Apego desorganizado e infância
A resposta que os pais têm durante os momentos difíceis da infância pode moldar os tipos de apegos que se desenvolvem no futuro.

A hipótese inicial sobre o desenvolvimento do apego desorganizado era a consequência de experiências de abuso, violência, trauma e assim por diante durante a primeira infância. Por isso, os pequenos expressam dúvida ao ir até eles em uma situação que gera angústia ou medo.

Eles veem neles uma figura que lhes dá segurança e conforto; mas também como aquele que pode prejudicá-los. Isso gera aquela ambiguidade de aproximação e fuga.

No entanto, em artigo publicado em 1999 na Psychoanalytic Inquiry, os autores propuseram uma segunda forma de explicar esse estilo de apego: pais ou cuidadores que tiveram experiências traumáticas ou perdas não resolvidas.

Embora não haja abuso e violência física ou psicológica explícitos, suas atitudes ou comportamentos ameaçadores alarmam o bebê e o levam a manifestar apego desorganizado (aproximando-se dele e ao mesmo tempo querendo fugir).

Embora esse tipo de apego possa se manifestar em contextos de não violência explícita, a verdade é que é mais comum nesses contextos.

Crianças que sofreram abuso físico ou psicológico, testemunharam eventos traumáticos de seus pais, cresceram em uma família disfuncional, tiveram que lidar com brigas e conflitos têm maior probabilidade de desenvolver apego desorganizado.

Consequências do apego desorganizado na vida adulta

Como esperado, o estilo de apego tem múltiplas implicações para uma vida funcional. Destacamos algumas maneiras pelas quais isso pode atrapalhar a saúde emocional e social de um sujeito.

Risco de desenvolver transtornos de personalidade

Apegos inseguros têm sido sugeridos como um fator de risco para o desenvolvimento de transtornos de personalidade. De fato, alguns especialistas propuseram isso como uma possível explicação para o transtorno de personalidade limítrofe.

Além disso, as pessoas com esse estilo de apego têm maior risco de desenvolver transtorno de personalidade esquiva, transtorno de personalidade narcisista, transtorno de personalidade antissocial e outros.

Alterações na percepção do tato

Um estudo publicado na Scientific Reports em 2020 descobriu que pessoas com apego desorganizado assimilam o toque afetivo (carícias, abraços e assim por diante) como mais desagradáveis do que pessoas com apego seguro. Essa percepção alterada pode fazer com que elas evitem esse tipo de contato, bem como evitem manifestá-lo.

Má adaptação social

Apego desorganizado e timidez
Os problemas de socialização causados pelo apego desorganizado podem persistir por muitos anos.

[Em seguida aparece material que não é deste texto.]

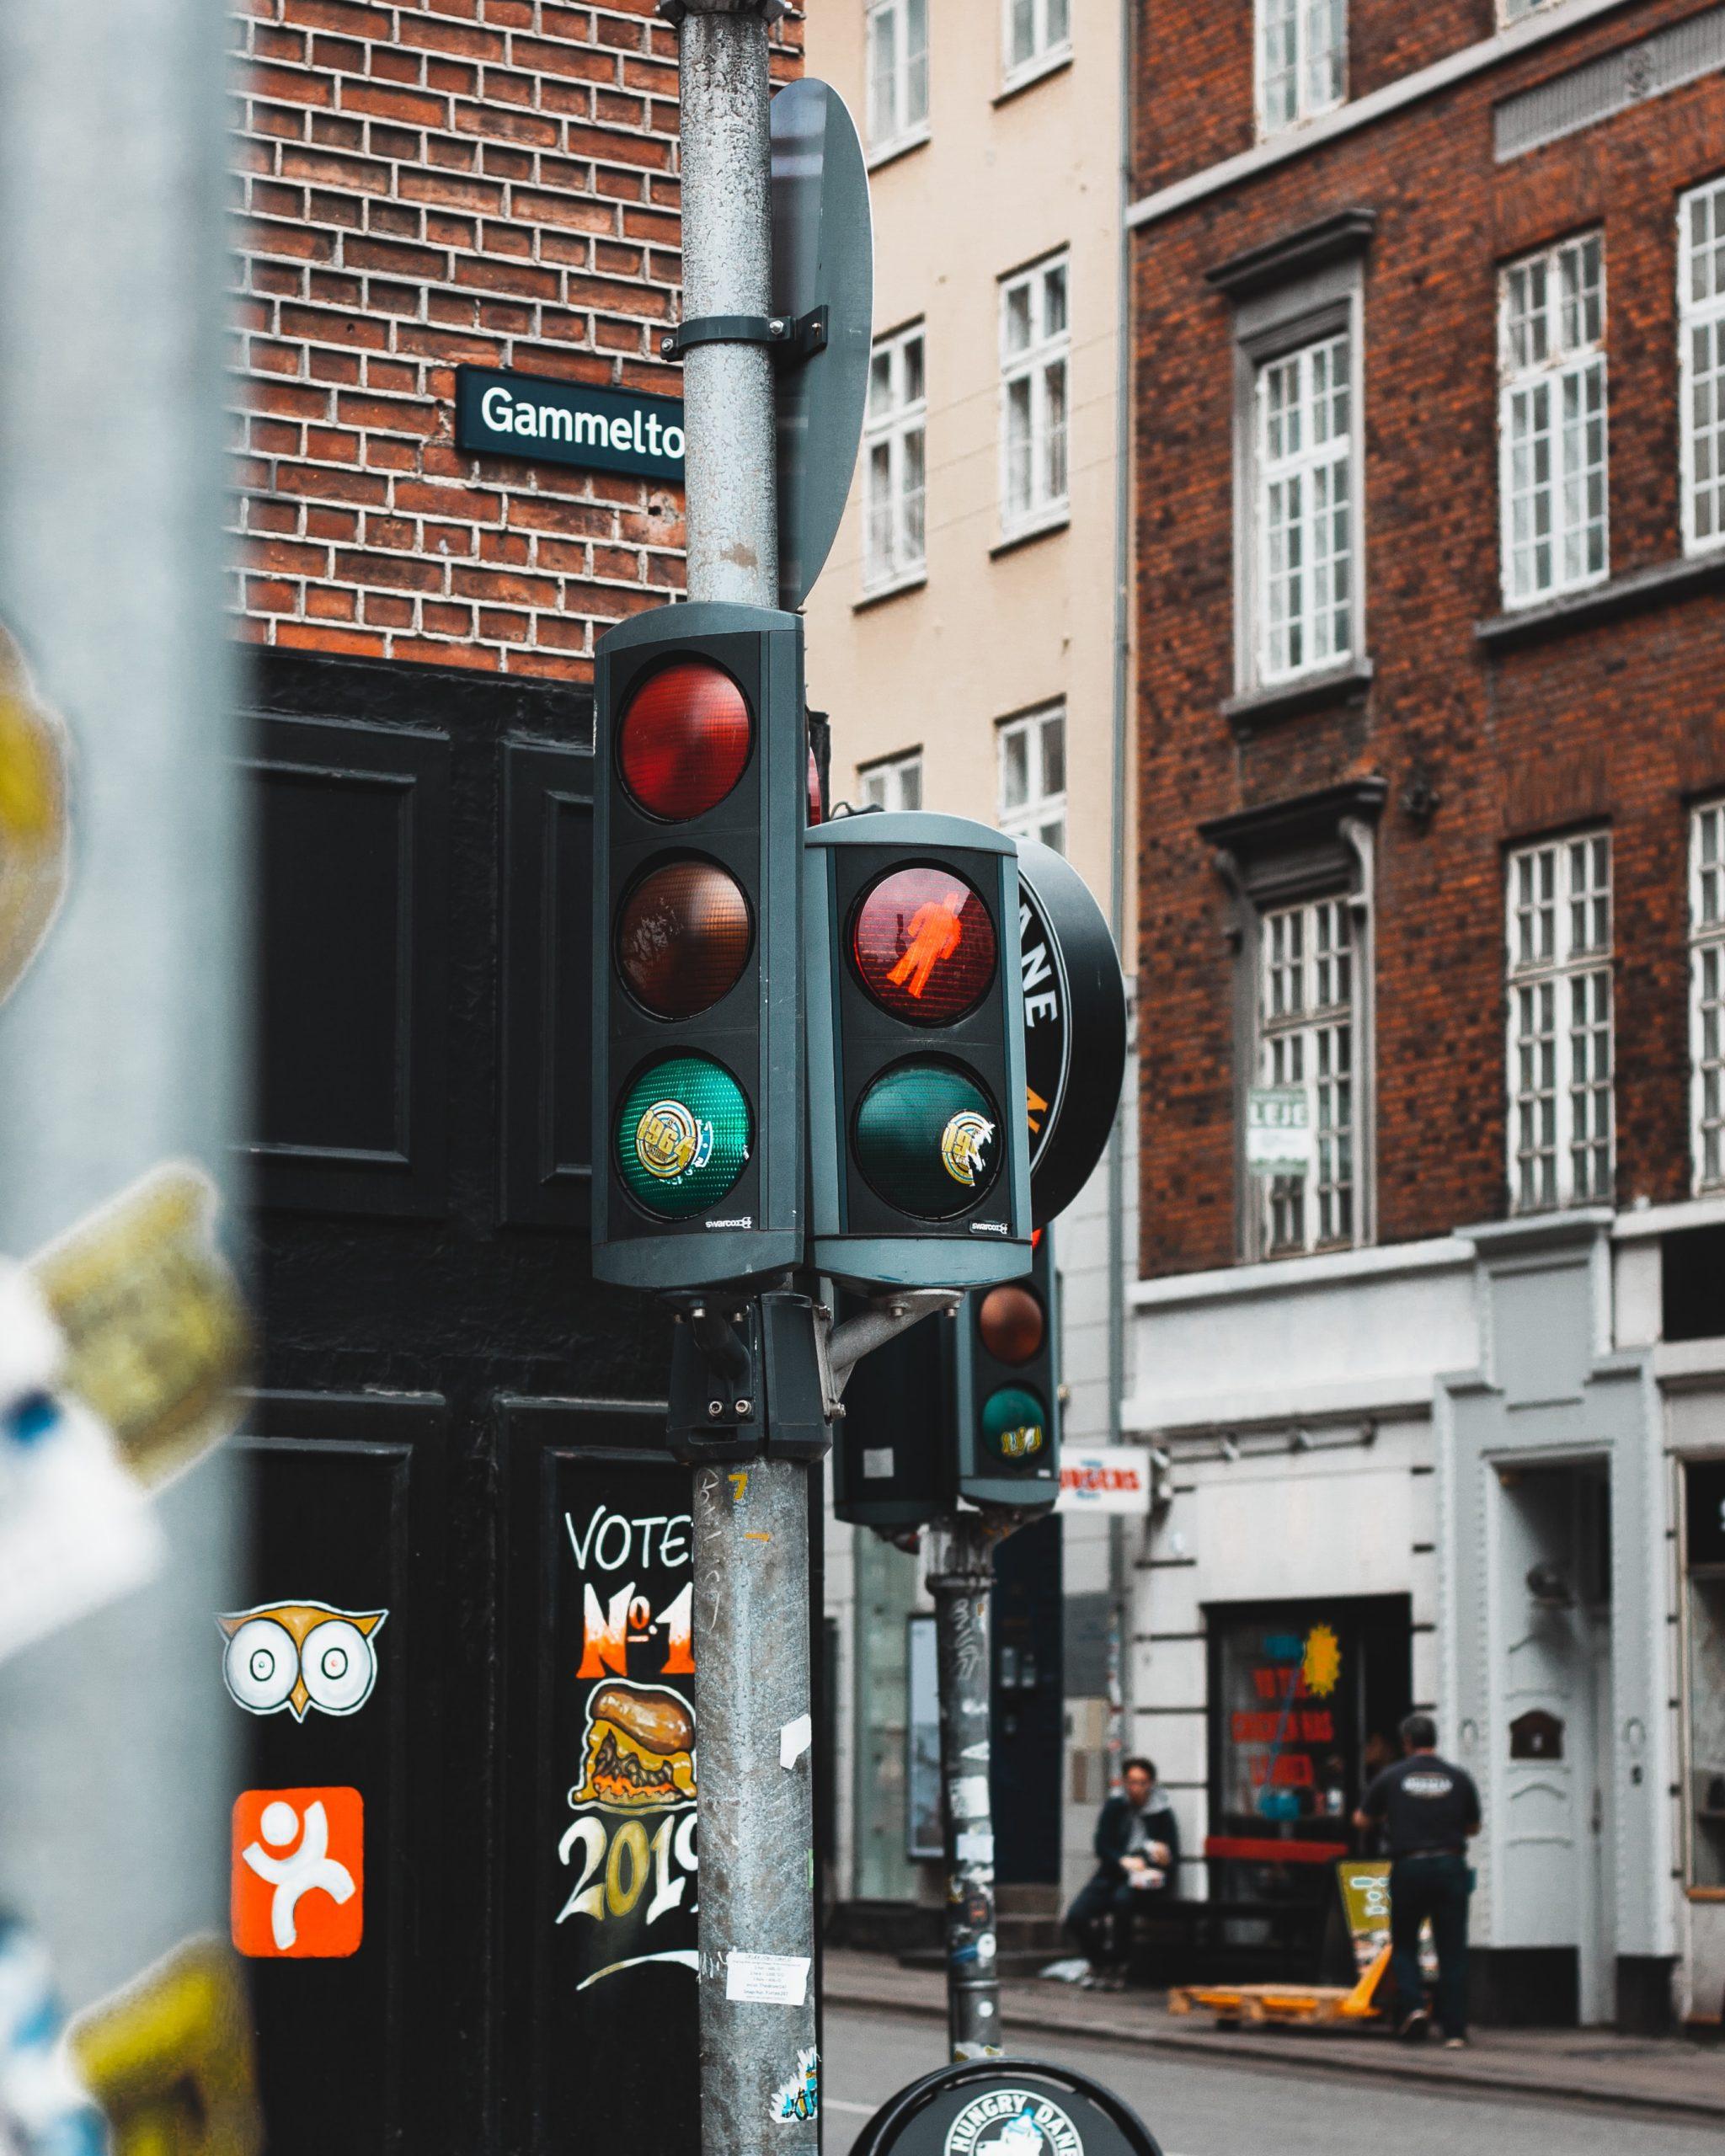 turned-off traffic light

Também há evidências de que esse estilo de apego leva a uma má adaptação social dos sujeitos. Eles têm problemas para se encaixar na sociedade, fazer amigos, manter um relacionamento estável, ter um emprego e assim por diante.

Isso pode levá-los a apostar em um estilo de vida retraído e longe do contato social, o que por sua vez pode levar a outras complicações ( depressão e outras).

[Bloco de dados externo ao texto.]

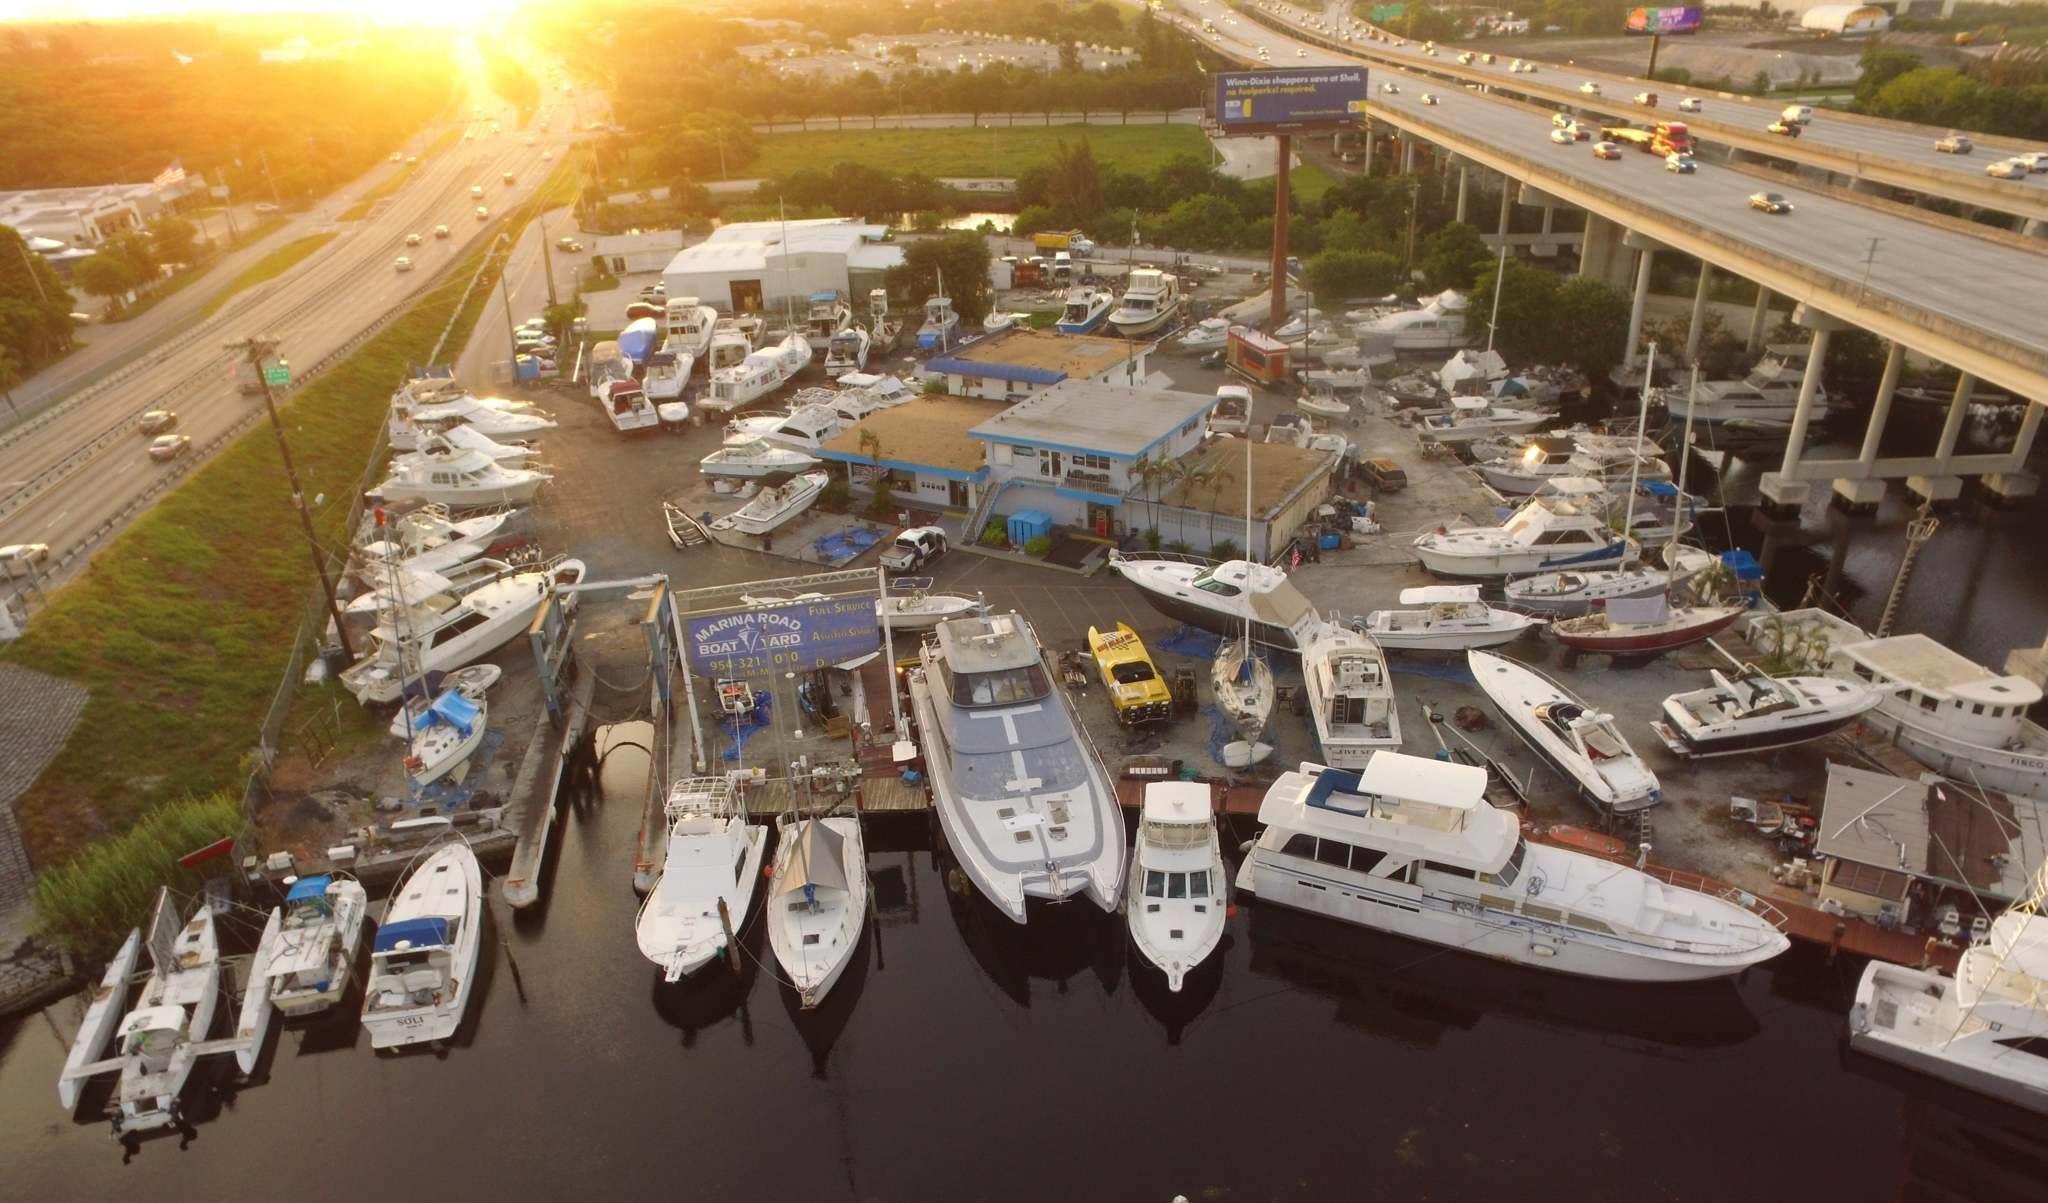 Marina Road Boat Yard marinas in Ft. Lauderdale, Florida

Risco de manifestar sintomas dissociativos

Alguns especialistas têm alertado sobre a manifestação de sintomas dissociativos como consequência do apego desorganizado. Perda de memória, assumindo uma interpretação confusa da realidade, a percepção de que aqueles que fazem parte do círculo são irreais e a sensação de estar separado do próprio corpo e emoções são algumas características da dissociação.

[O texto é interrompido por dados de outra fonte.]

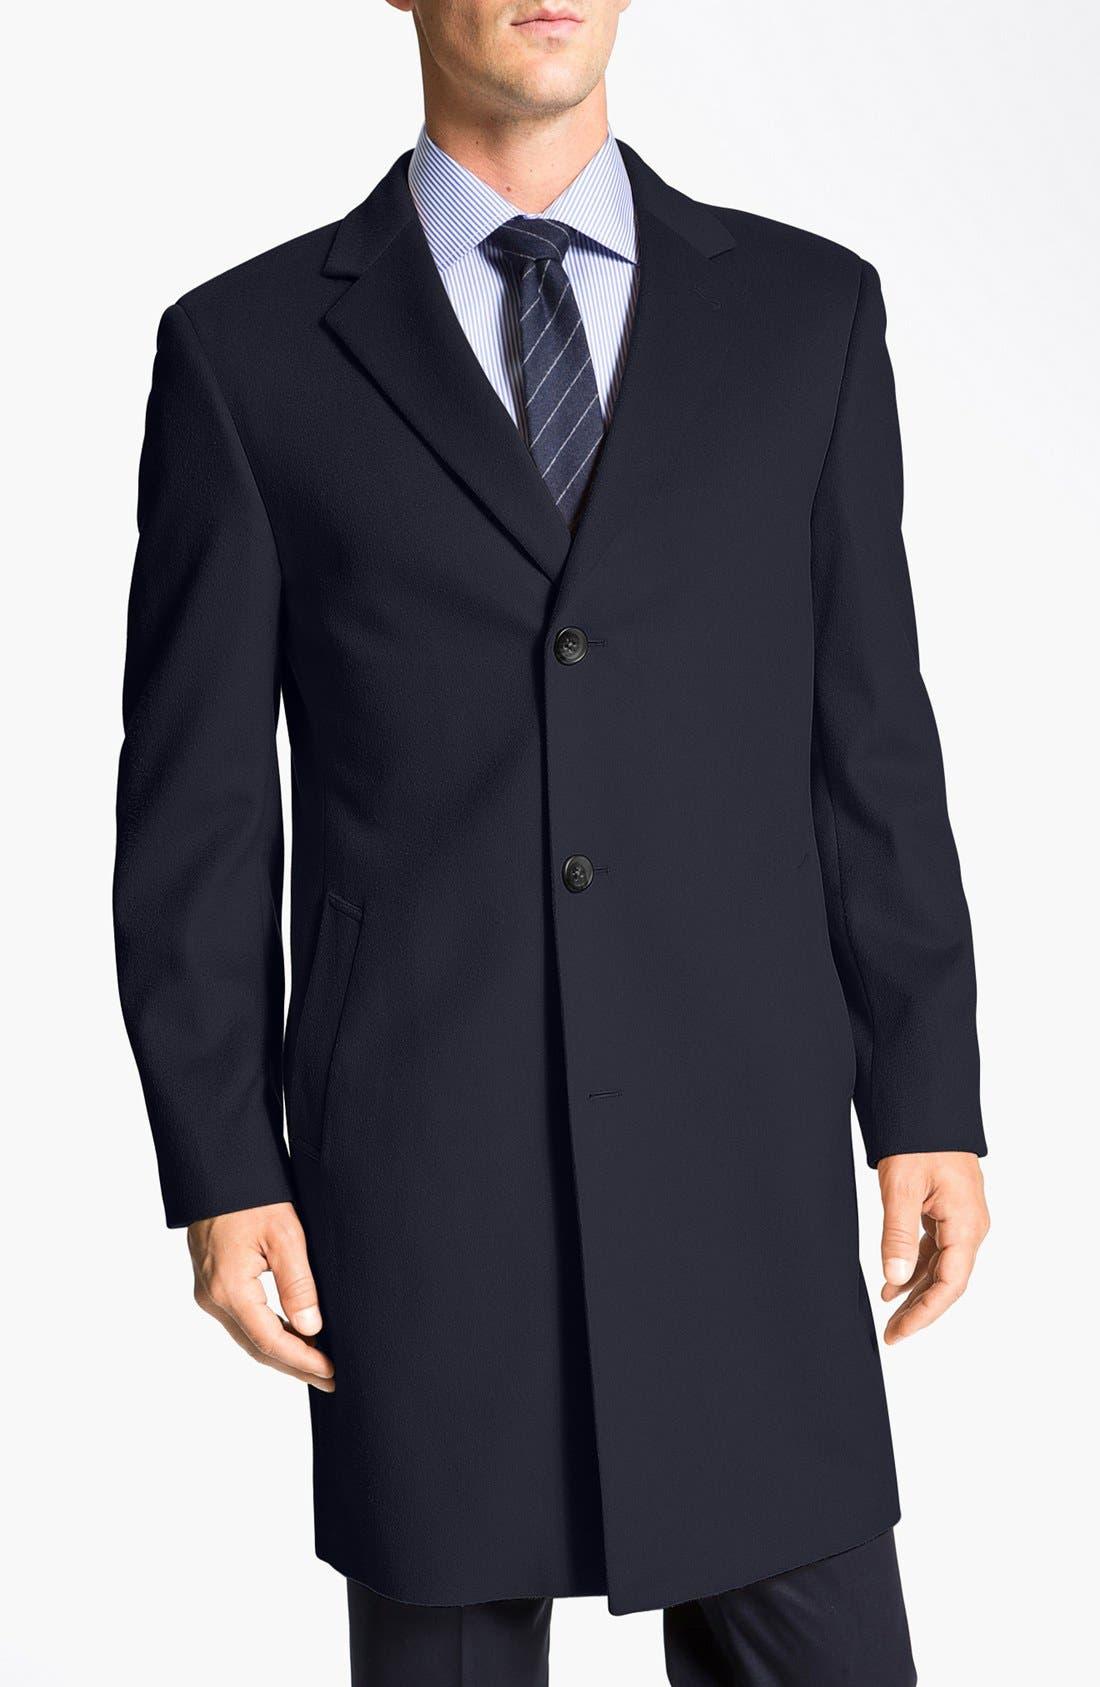 Main Image - John W. Nordstrom® 'Sydney' Top Coat

Como é possível imaginar, uma pessoa com esse estilo de apego pode promover o desenvolvimento dele no seus filhos durante a paternidade. Dadas as consequências que tem na vida adulta, quando ocorrem interferências drásticas na vida diária, deve ser considerada a procura de ajuda profissional.

Especificamente, a terapia psicológica pode ser a resposta para os efeitos que as experiências da primeira infância tiveram nas atitudes, pensamentos e comportamento na idade adulta.